August 16th, 2010 topfs2 2 comments

This is the last weekly report and I would like to thank google and the beagleboard community for the fun summer! It have been a wonderful opportunity and I’ve learned heaps and gotten extremely interested in embedded development.

Status

  • Done further investigation regarding finding the performance bottleneck and is reasonably sure its not shaders any more, which is good. I have noticed that it seems likely that many skins suffer from texture cache issues which is due to textures being to large and making SGX having to do unnecessary work to handle the presentation. I’ve verified this by splitting up a texture in 4 pieces and received 50% performance increase. It seems it doesn’t depend on the size of the rendering area but the texture size. This is of course only true if the USSE isn’t running at maximum capacity since then larger render area would make it slower. And on most skins it is running at full capacity which is were dirty region is useful.
  • Since much of the performance increase is done by skinners and hard to fix magically by code I’ve written up a documentation with what I’ve learned which could be used by skinners who wants to make a lightweight skin. Documentation can be found at elinux wiki (http://elinux.org/BeagleBoard/GSoC/2010_Projects/XBMC#Documentation)
  • Added a background to the beagleskin which makes it look rather close to confluence while still running at 30fps in 720p on the BeagleBoard C4.

Plan

  • Need to google abit for rebase in git so I can upload the patches done during gsoc to google. Or just use format-patch, not sure which is the best.
  • Take a few weeks off before going back to school :)
  • Need to find a suitable something to hook up the beagleboard to when arriving to Canada so I can continue to play with it :)
  • Continue with the lightweight skin, I very much like to use it despite it being far from finished.

Weekly Report 11

August 9th, 2010 topfs2 4 comments

Before we go into the actual status report I would like to be abit nostalgic, this is the last week of feature addition after all.

Before GSoC XBMC didn’t even compile on angstrom and now I just finished watching a SD video which ran without the BeagleBoard breaking much of a sweat! I have had much help from the extremely talented beagleboard community and it would have never been possible without them, now its almost possible to have a fully capable SD box made from the BeagleBoard with XBMC.

While not all of the original ideas made it into XBMC we have still come a long way and XBMC have went from not running to becoming rather usable on the BeagleBoard, still room left for more improvement ofcourse but still great progress IMO. Since the YUV transform is done by NEON and the hardware overlay videos actually run good, before GSOC it couldn’t even present the lowest resolution video at anything beyond 10fps.

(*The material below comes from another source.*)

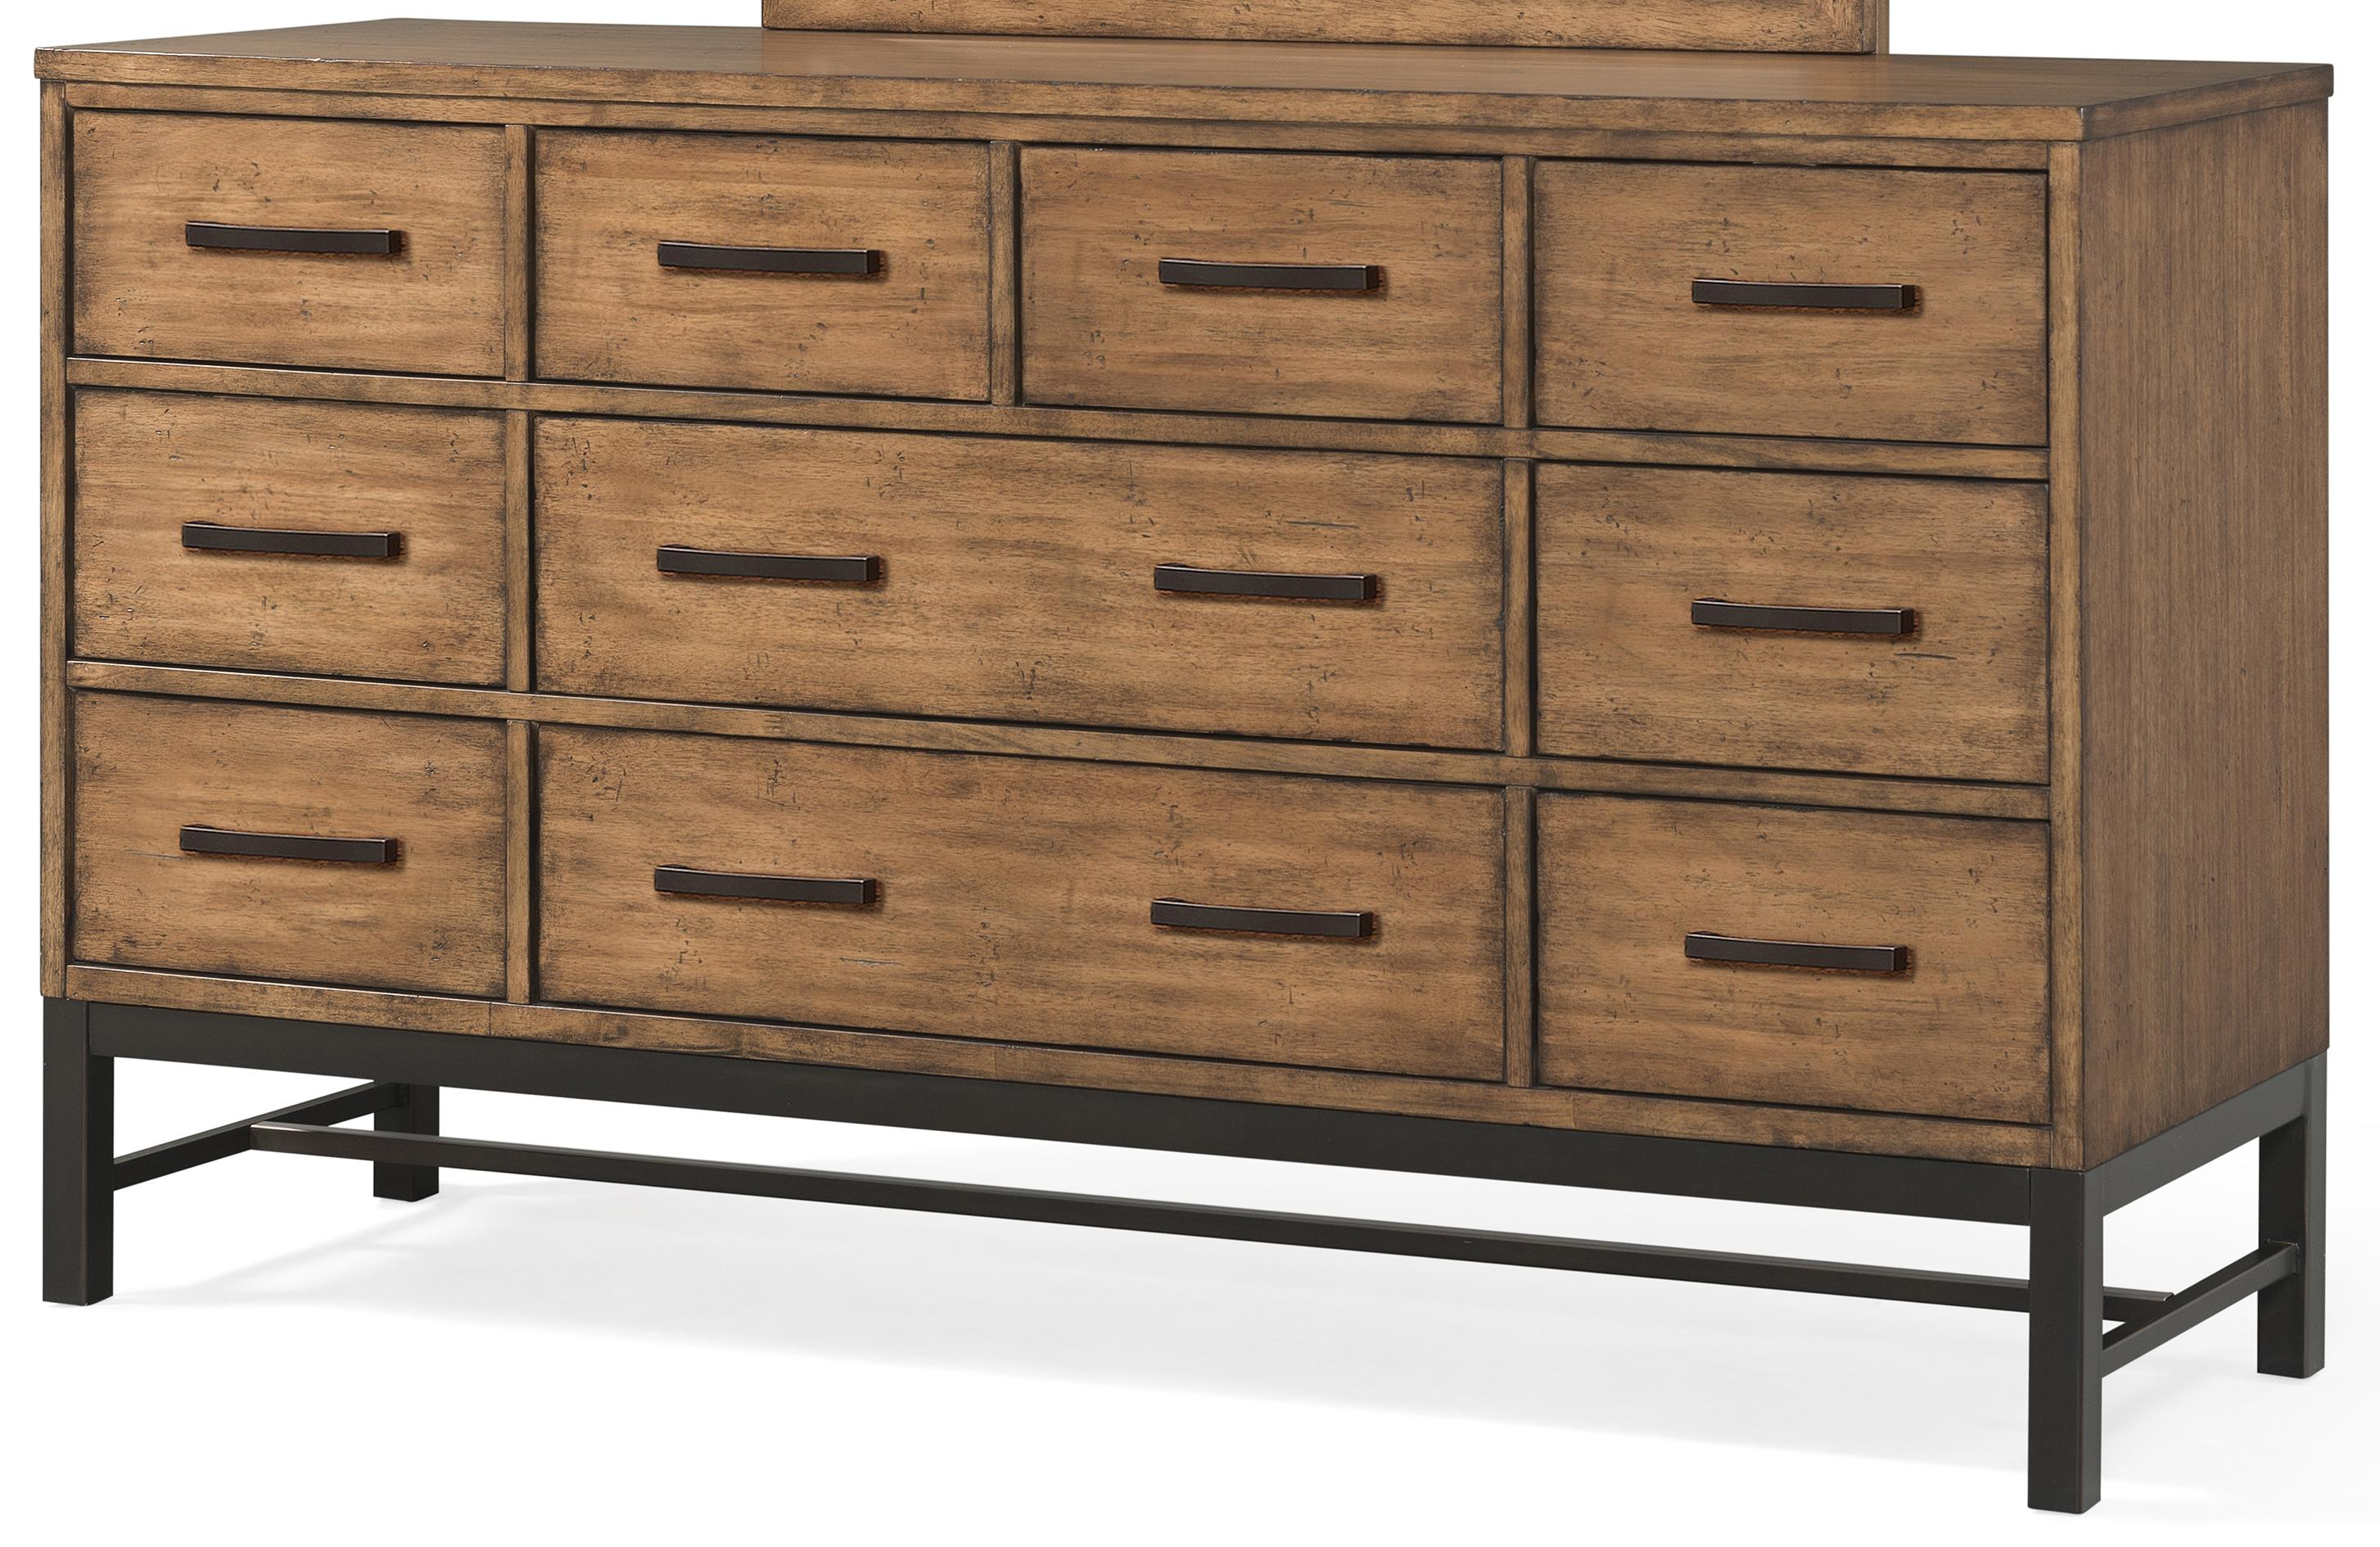 Belfort Basics Affinity Dresser - Item Number: 710-650

It has been made clear what is slowing down GUI rendering and much lies in the skinners hands, which is what the next weeks documentation will be about. I have commited a minimal but still useable skin which might just hit 100fps ;). If we add backgrounds and make it static but close to looking as ordinary skins that number goes down to about 20fps, with the addition of the dirty region rendering this number actually gets to about 30fps, which was my goal for 720p!

Status

  • Finally got the overlay to be under the controls which needs it.
  • Created a minimal skin which actually hit vsync when rendering.
  • Refactored the rendering passes and dirty region tracker to support N-buffering. Also added the new cost reduction algorithm, the cost reduction algorithm is using static costs now but could probably calculate dynamic costs if it got timing data back regarding its choices. I guess linear regression would work if we don’t use to old data points?

Plan

  • Polish and add more dialogs and such to the minimal skin to make it a viable skin for day to day usage.
  • Document what a skinner can do to make a skin which runs fast on BeagleBoard

Risks

  • Can’t think of anything …

Weekly report 10

August 4th, 2010 topfs2 2 comments

Status

  • Overlay is scaled and positioned according to how the skin wants it.
  • Overlay playback is tearing free and rather fast. Runs bunny 480p almost perfect while before it was about 5fps.
  • Finally got crosscompile working. Thanks again koen for all your help providing me with builds up to this point

Plan

  • Still need to get overlay under some of the GUI controls. I have tried rendering SGX with alpha bits on but haven’t gotten it to work, possibly set the blending mode of the overlay improperly.
  • Find a low resource skin and limit it down as a start of a beagle skin.
  • Investigate what the performance hog is in videoplayback using oprofile, the memcpy should be gone but its still far behind omapfbplay.

Risks

  • My temporary apartment seems to lie in a wireless deadzone so my internet is incredibly slow. I will still be able to work (thanks git!) but my time on irc will be less and i will probably group commits more.
  • A skin may hide the videoplayback temporarily, need to find a way to temporarily hide the overlay and possibly discard doing yuv transforms during this time. Not sure if its possible without reconfiguration (on hide and on visible) of the overlay.

Weekly report 9

July 26th, 2010 topfs2 2 comments

Status

  • OMAP Overlay is hooked up to XBMC and works rather well (for a few seconds)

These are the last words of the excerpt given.